# R5's eyepiece ridge works with weathercovers



## H. Jones (Aug 13, 2020)

Hey y'all. Have been messing with this and noticed it since the beginning.



At first I thought it was a flap to help make the eyepiece more flexible against your eye, but it's actually a rigid edge to the eyepiece. So then, my immediate thought was to test it with my weathercovers.

Turns out, the Think Tank Photo Hydrophobia weathercovers work great with this ridge, the rubber seal fits right into it and holds really well. So far it hasn't given me any problems in bad weather, and it works great overall. The ridge holds the rubber material far enough away on the bottom to prevent the rubber from going over the eyepiece sensor, so that hasn't been an issue. There's a little bit of flex on the bottom with this old beat-up 70-200 cover, but it was less bad on a newer one that had tighter rubber. With that flex, if you're in a downpour a slight bit of water may leak through, but then you can always use the plastic flap from the hydrophobia over the viewfinder and still see the EVF perfectly fine.

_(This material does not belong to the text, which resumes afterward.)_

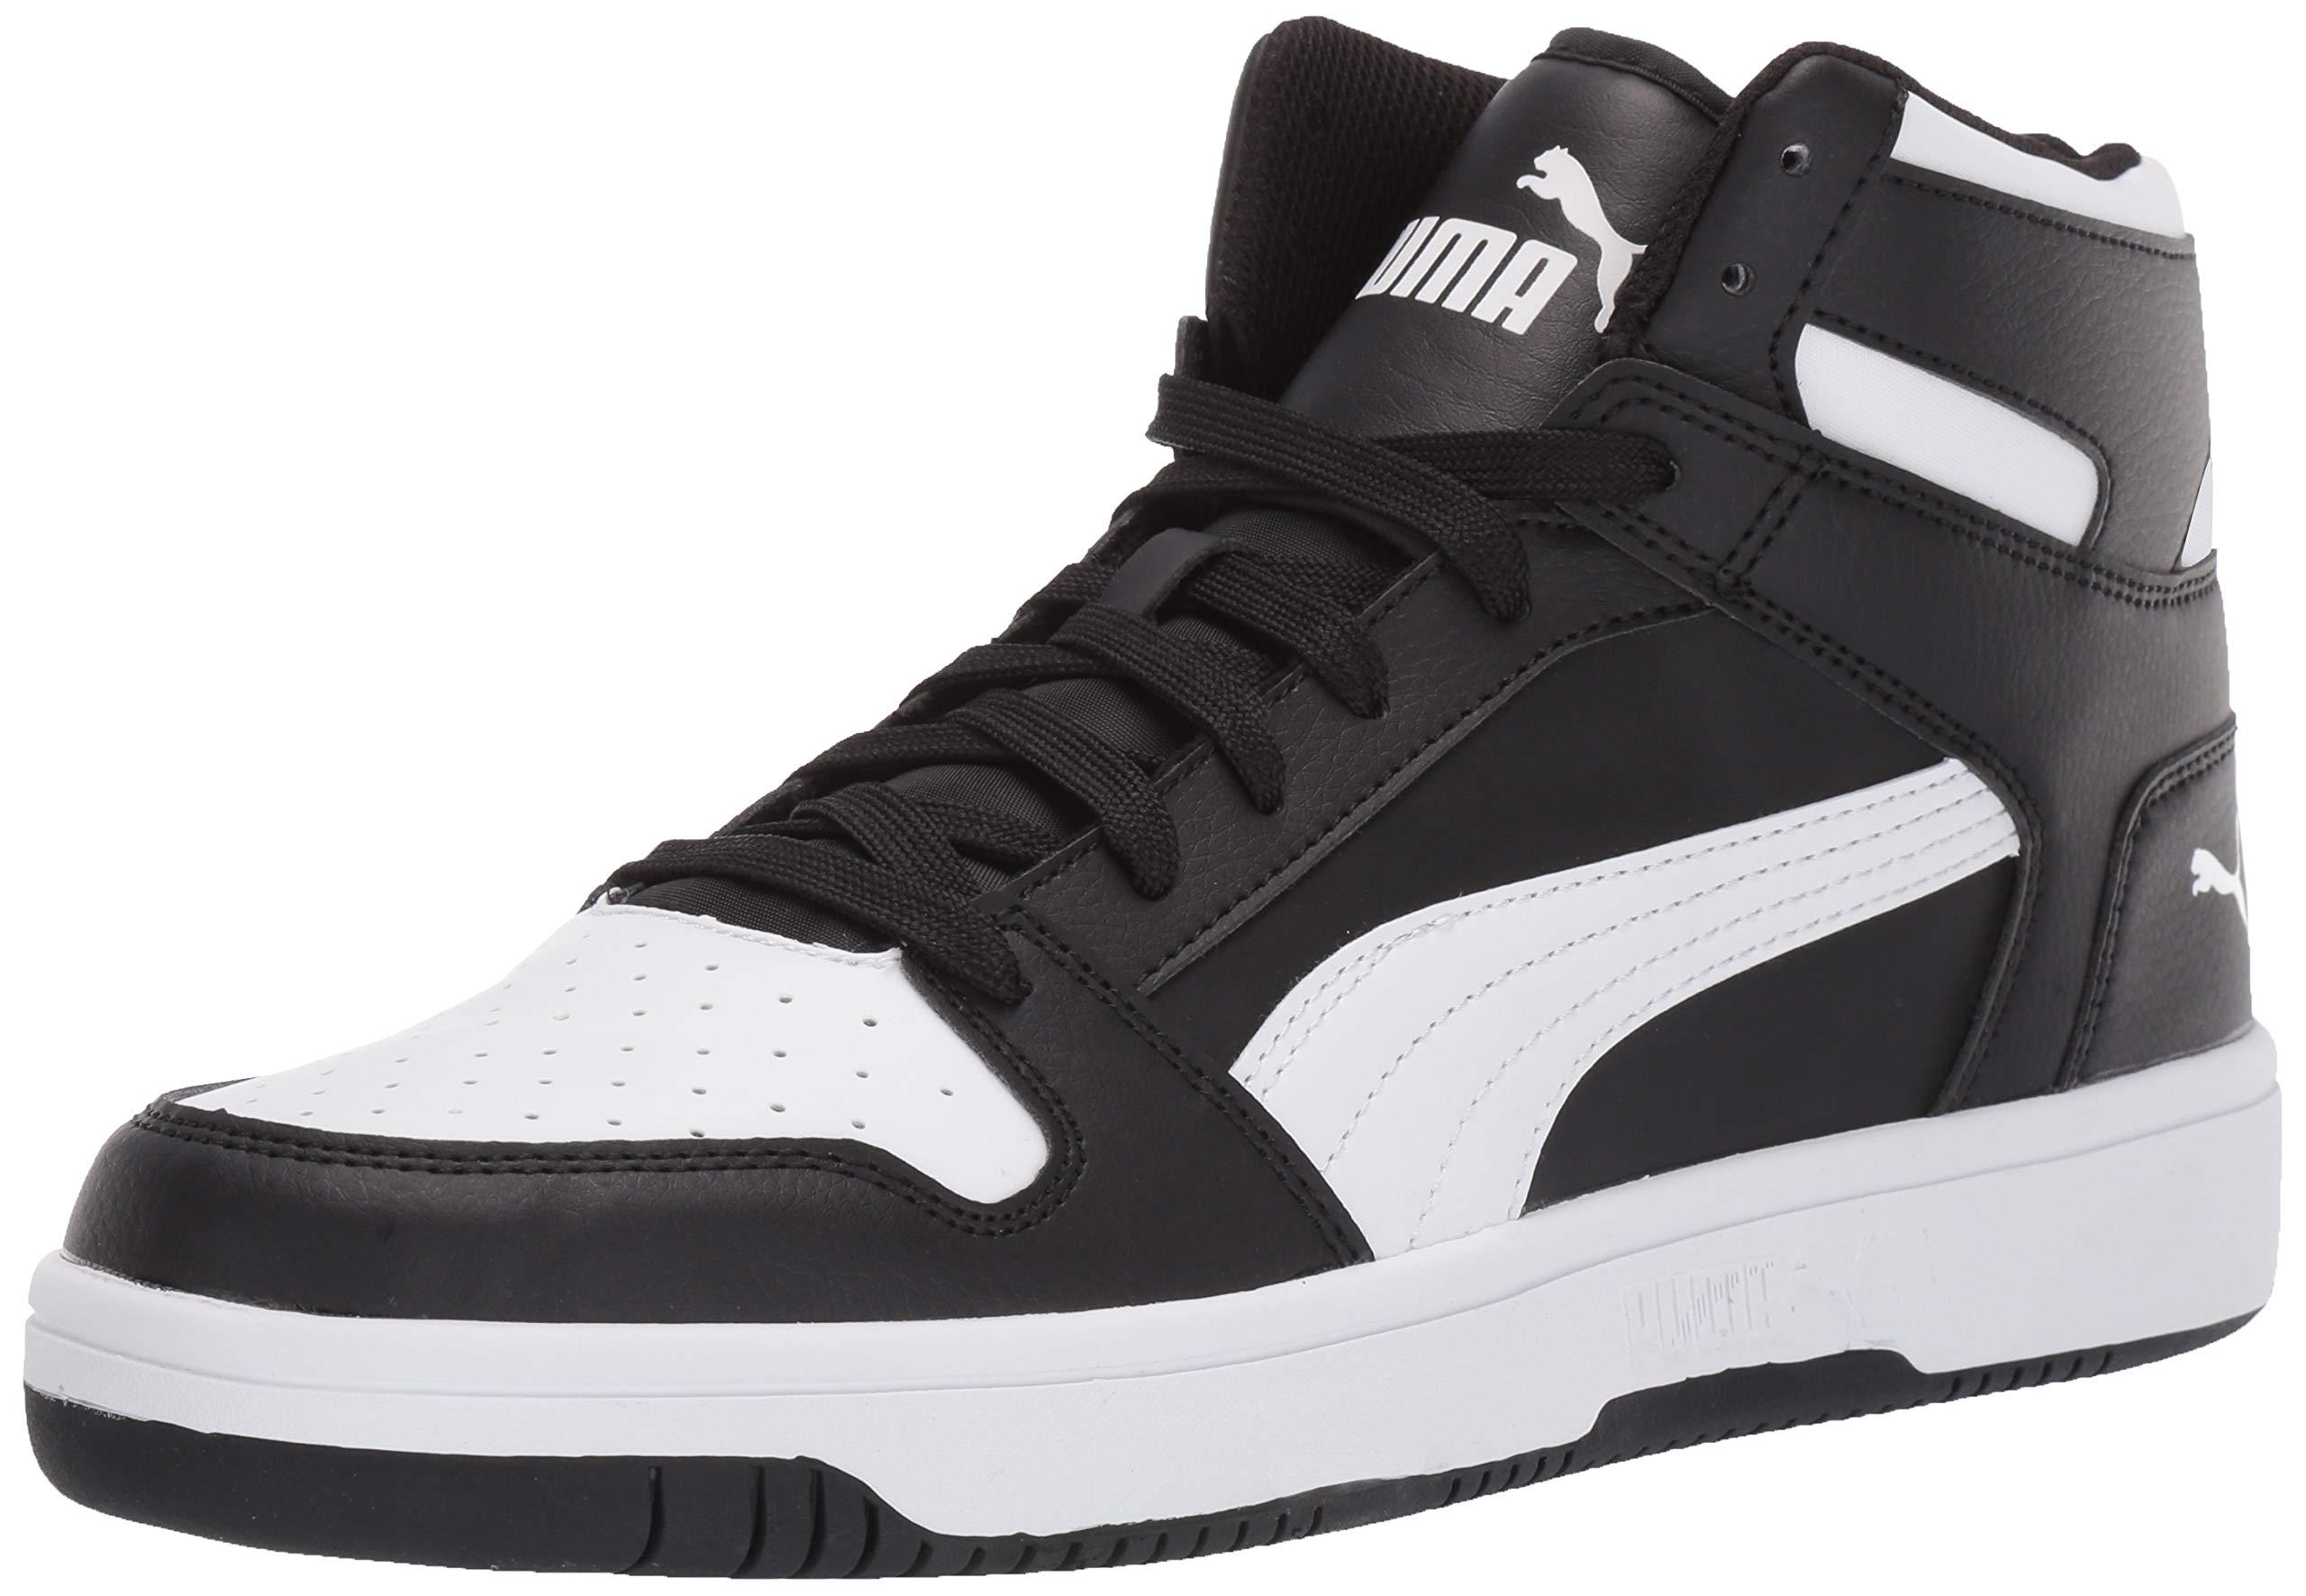 PUMA Rebound Layup Sneakers in Black/White (Black) for Men - Save 39% ...

This was a big concern of mine when I found out the R5 eyepiece wasn't removable, so honestly now I feel a lot better about all that.


----------



## Jonathan Thill (Aug 25, 2020)

Nice I was thinking the ridge would be used to allow for eye cup extensions.

Thanks for posting this.


----------



## Stu_bert (Aug 26, 2020)

H. Jones said:


> Hey y'all. Have been messing with this and noticed it since the beginning.
> 
> View attachment 192111
> 
> ...


+1 thanks for sharing.


----------



## cornieleous (Aug 26, 2020)

Ramage said:


> Nice I was thinking the ridge would be used to allow for eye cup extensions.
> 
> Thanks for posting this.


I always get these. Can't wait to have something on the market. Hopefully grabs on better than the plastic on plastic of the past.


----------